Такие следствия не могут быть результатом влияния внутриматочной среды или изменений в цитоплазме по причинам, уже изложенным выше. Значит, представляется возможным предположить, что эти трансгенерационные последствия, обусловленные количеством пищи, доступной поколению дедов, были переданы внукам посредством эпигенетических факторов. Эти выводы выглядят еще более удивительными, если мы вспомним, что изначальная причина (недостаток или обилие пищи) имела место в то время, когда мальчики еще не достигли периода полового созревания, то есть еще даже не начали вырабатывать сперму. Несмотря на это, они передали результат, вызванный этой причиной, своим сыновьям и внукам.
Однако не все так гладко и бесспорно в этих исследованиях возможности передачи трансгенерационной наследственности по мужской линии. В частности, весьма рискованно полностью полагаться на абсолютную достоверность старых записей о причинах смерти и делать выводы на основании исторических документов. Кроме того, многие из наблюдаемых последствий были выражены не слишком явно. Это одна из главных проблем, обычно возникающих при работе с людьми, наряду с прочими, которые мы уже обсудили, такими как наша генетическая вариативность и невозможность контролировать окружающую среду хоть сколько-нибудь серьезным образом. Всегда существует риск, что из имеющейся информации мы можем сделать неверные выводы, как это и случилось с Ламарком, когда он изучал семьи кузнецов.

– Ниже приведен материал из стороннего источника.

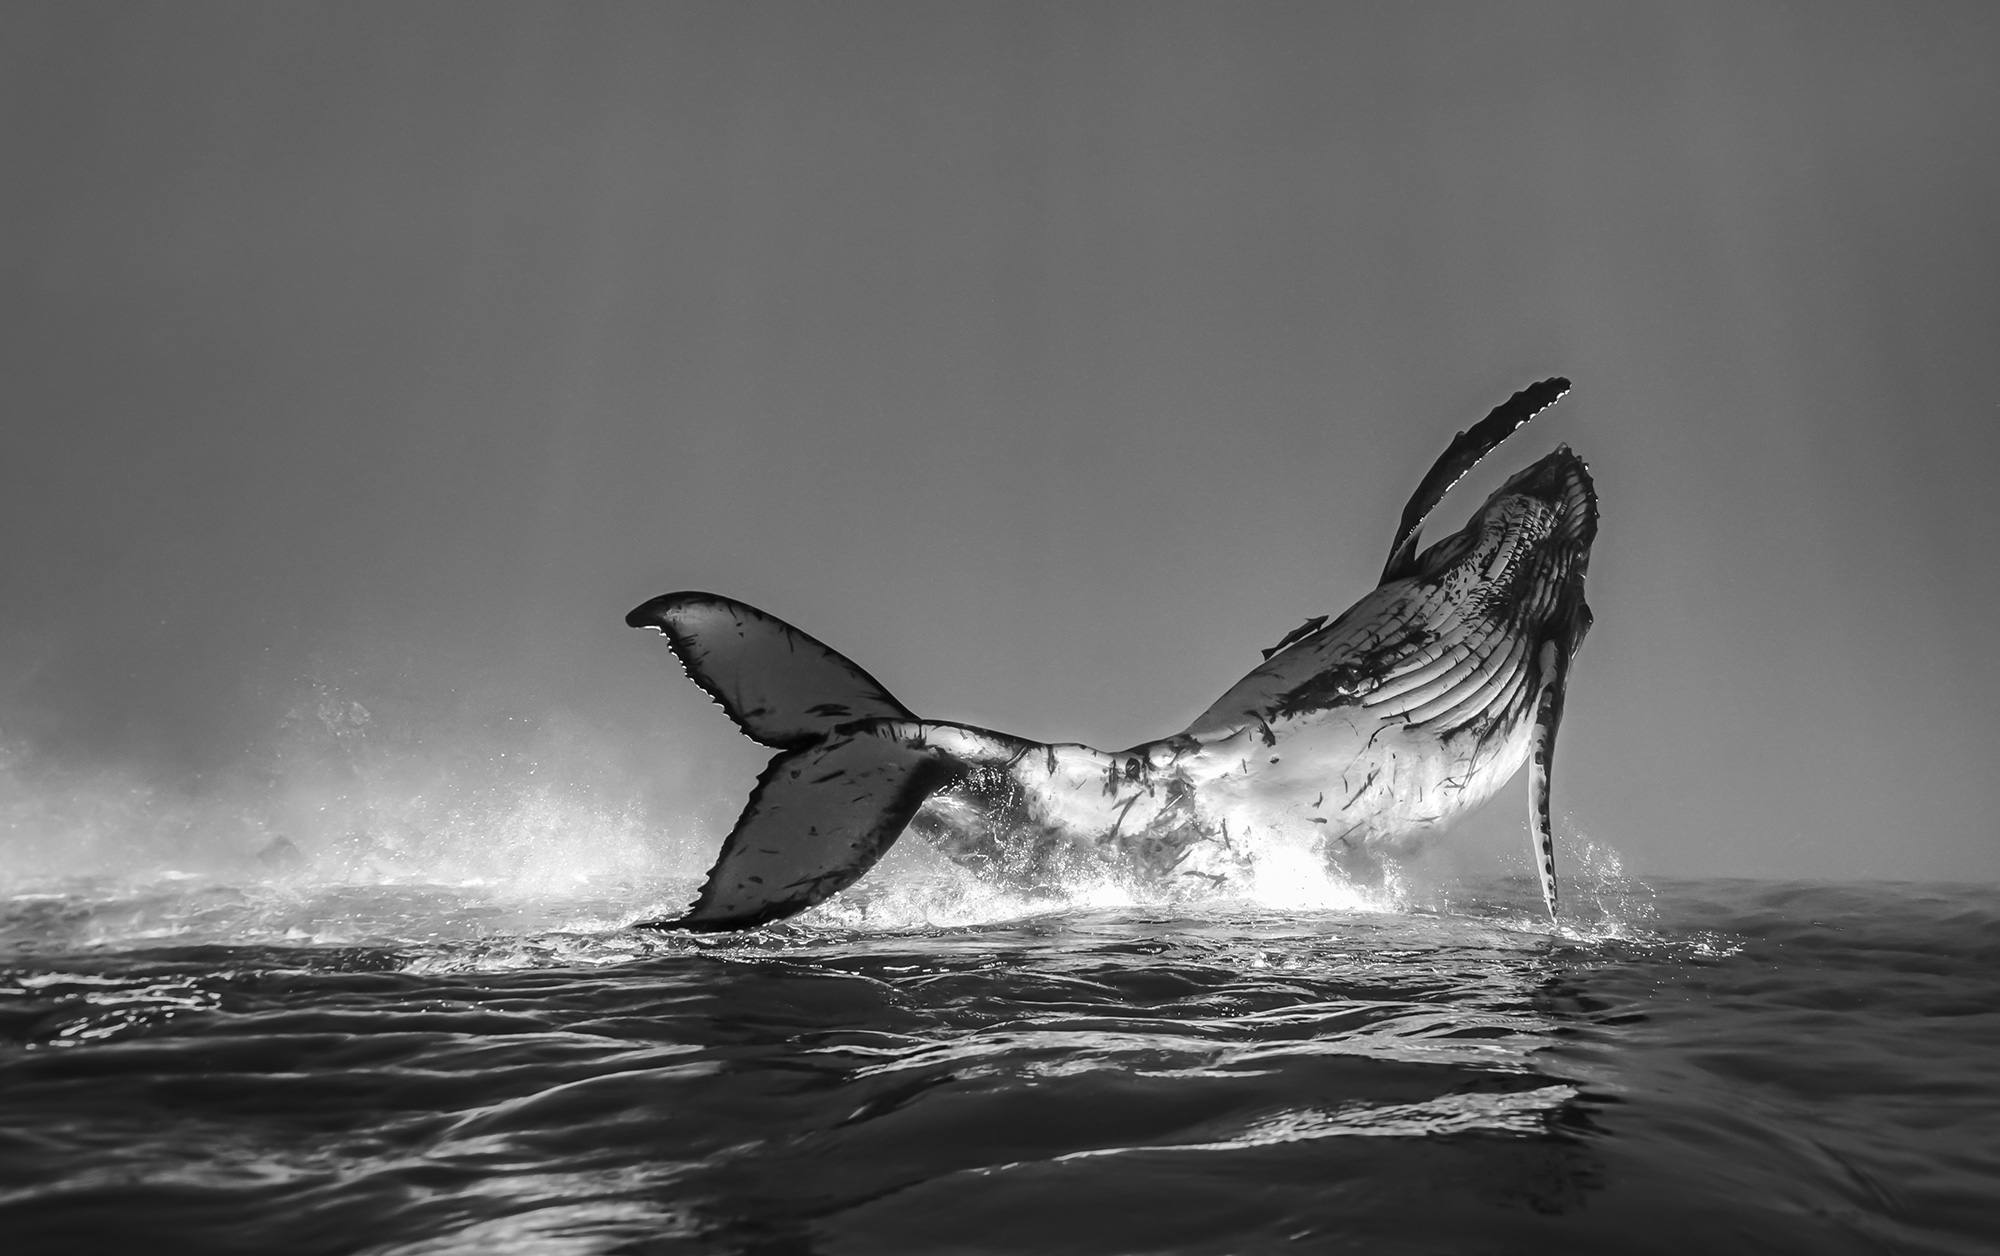 Ocean Photography Awards 2020 Introduction

Существует ли какой-либо альтернативный способ исследовать возможность трансгенерационной наследственности? Если этот феномен присутствует и у представителей других видов, у нас будет значительно больше уверенности в том, что это явление реально. Дело в том, что эксперименты на модельных системах для проверки каких-либо гипотез могут поводиться целенаправленно и давать более объективную картину, нежели просто изучение данных, предоставляемых природой или историей.
И здесь нам опять на помощь приходят мыши агути. Опыты Эммы Уайтло показали, что вариативность окраса шерсти у мышей агути обусловлена эпигенетическим механизмом, в частности ДНК-метилированием ретротранспозона в гене агути. У всех мышей разных окрасок были одинаковые последовательности ДНК, но различные уровни эпигенетической модификации ретротранспозона.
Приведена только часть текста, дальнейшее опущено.